Types of Ploughing

Ploughing is still the prime job in cultivation the earth and, despite this high technological and computerised age, the basic design of the plough remains largely unchanged since medieval times. There are several types of plough but all are based on the same principle, with share, coulter and mouldboard. The 'Digger' plough has a short mouldboard and an acute curve causing the furrow slice to rise steeply and accelerate thereby shattering the soil. This is known as 'broken furrow' work.

The more common type of plough is the 'general purpose' with a longer and shallower and more gentle curved mouldboard.
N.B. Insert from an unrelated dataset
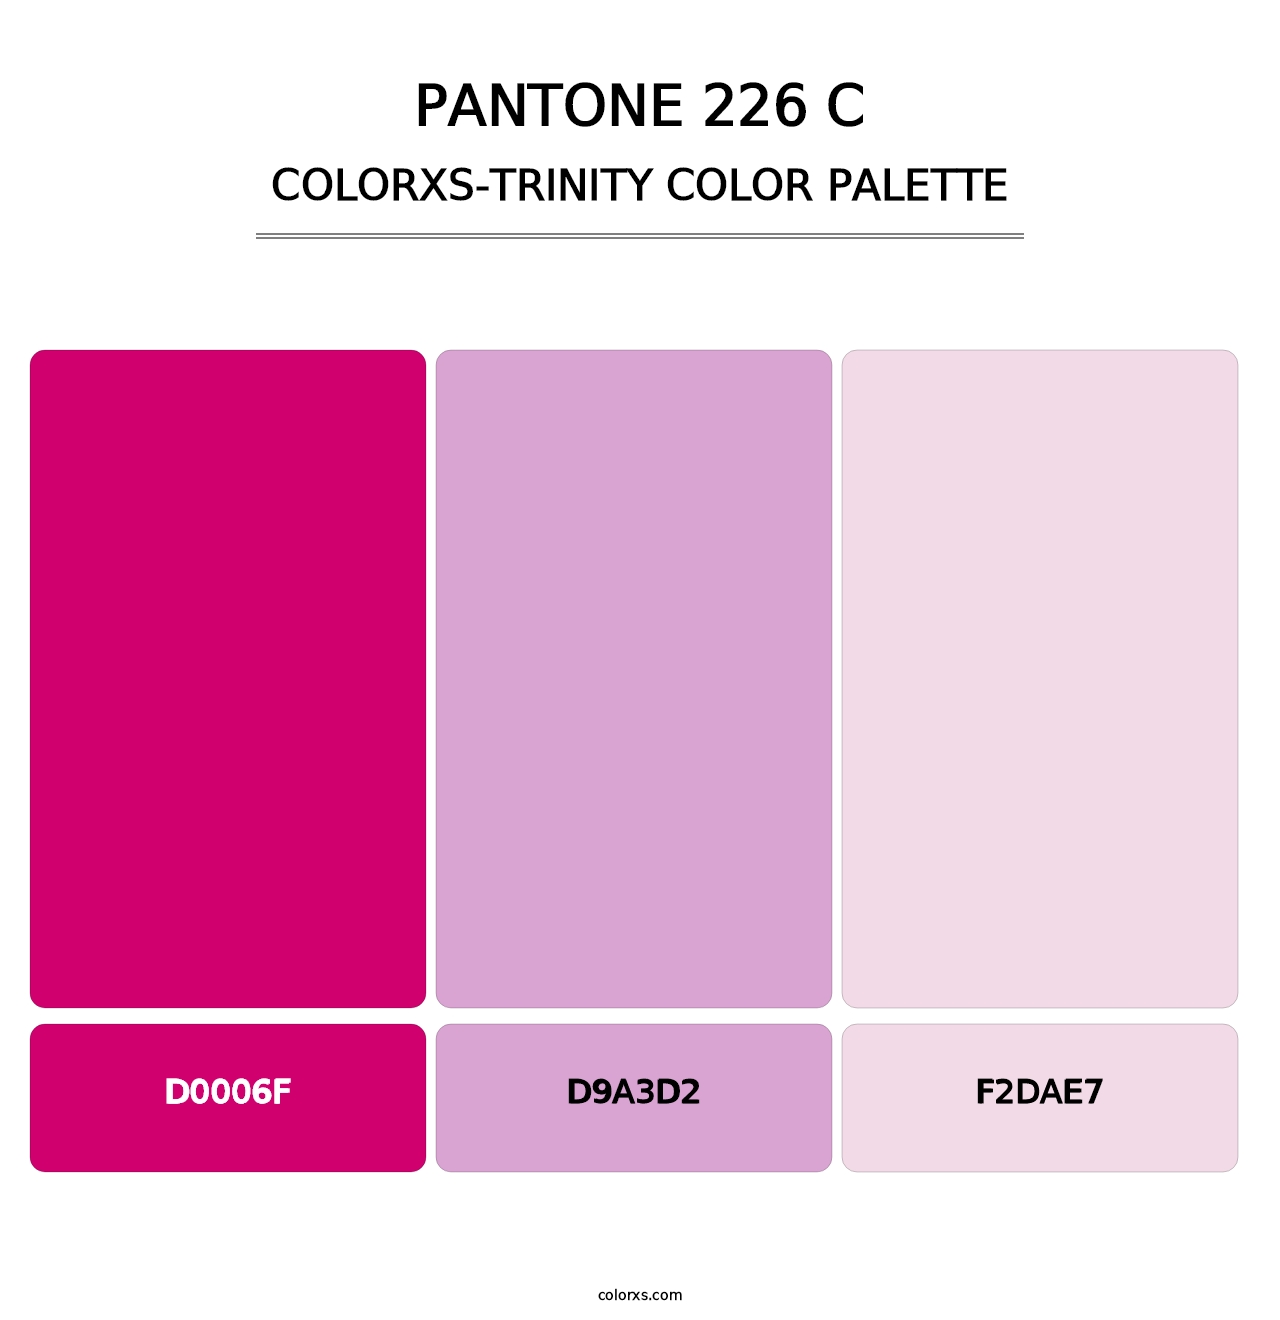 PANTONE 226 C - Colorxs Trinity Palette
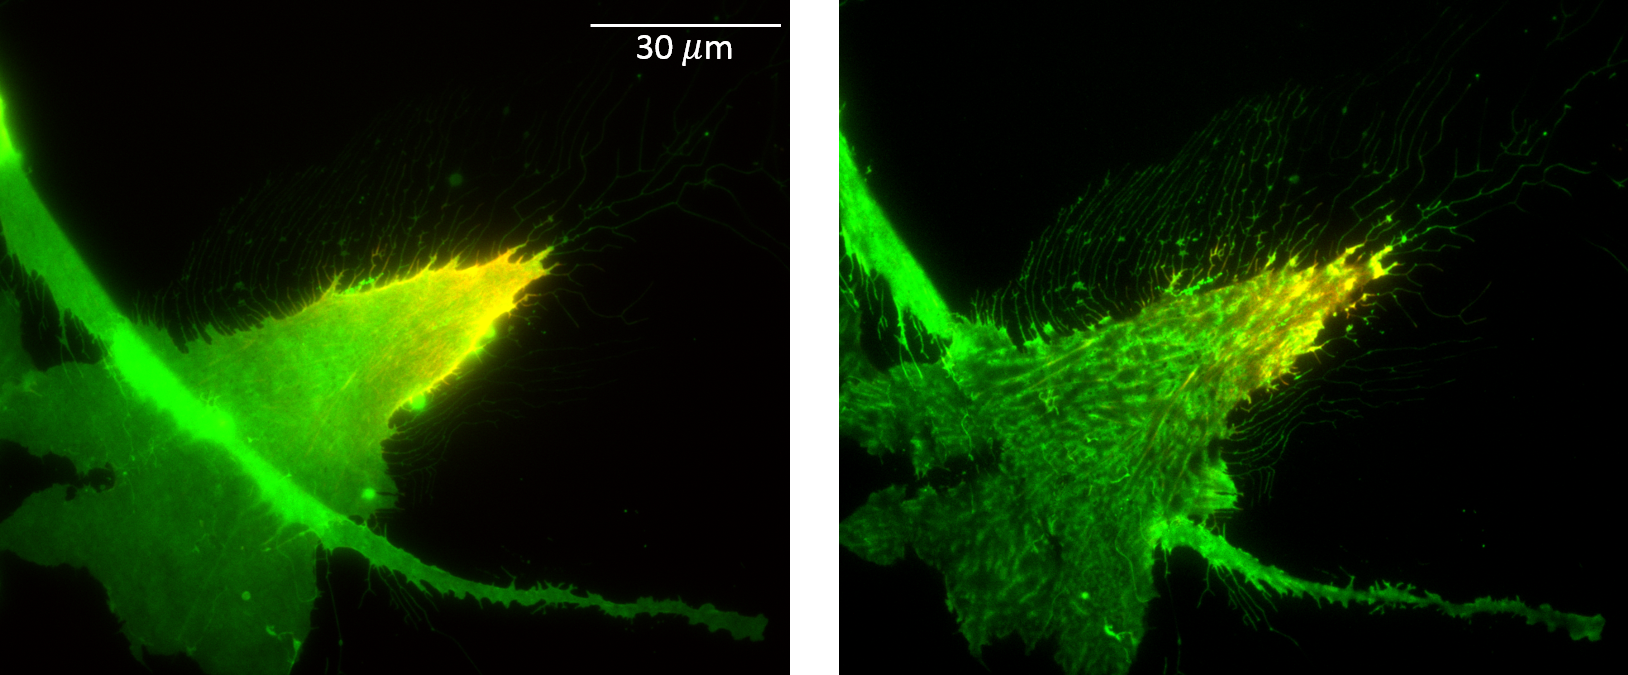 Randomly polarized RPE-1 (retinal pigmented epithelial) cell migrating on fibronectin.

This will lay up furrows in the 'Whole Furrow' fashion

By far the most intricate style of ploughing is the 'High Cut' or 'Oat Seed Furrow'. The plough has a very long convex mouldboard with a gentle twist and uses special shares to set up narrow, high crested furrow slices. In competition this plough is set within tolerances of a quarter of an inch.

Ploughing Matches have been part of the rural scene since time immemorial and in the early days a champion ploughman could expect a better wage than his fellows. Competition was keen and made for accurate plough settings. Plough manufacturers saw the advantages of scientific design that would decrease the physical effort. Today we see a continuance of this search for perfection and Plough Match judges look critically for furrows that are perfectly straight, evenly matched, and completely level. The judges will mark each plot up to a possible 200 points, divided into five sections of maximum of 40 points each.

The Start of Crown should be straight and level with no gap between the first two opposing furrows. Firmness is very important; the work should not be hollow or puffy and there should be no 'holes' between the furrow slices. The Seedbed is judged by the quantity of soil presented by the plough on each furrow slice. The work should not be flat, neither should any stubble or trash be visible between the furrows. General Appearance of the ploughed plot should be straight, uniform and perfectly matched furrows of equal width and even depth. The Finish should be straight, narrow and shallow. This is probably the most difficult part to perform since the work must be brought to a conclusion perfectly parallel.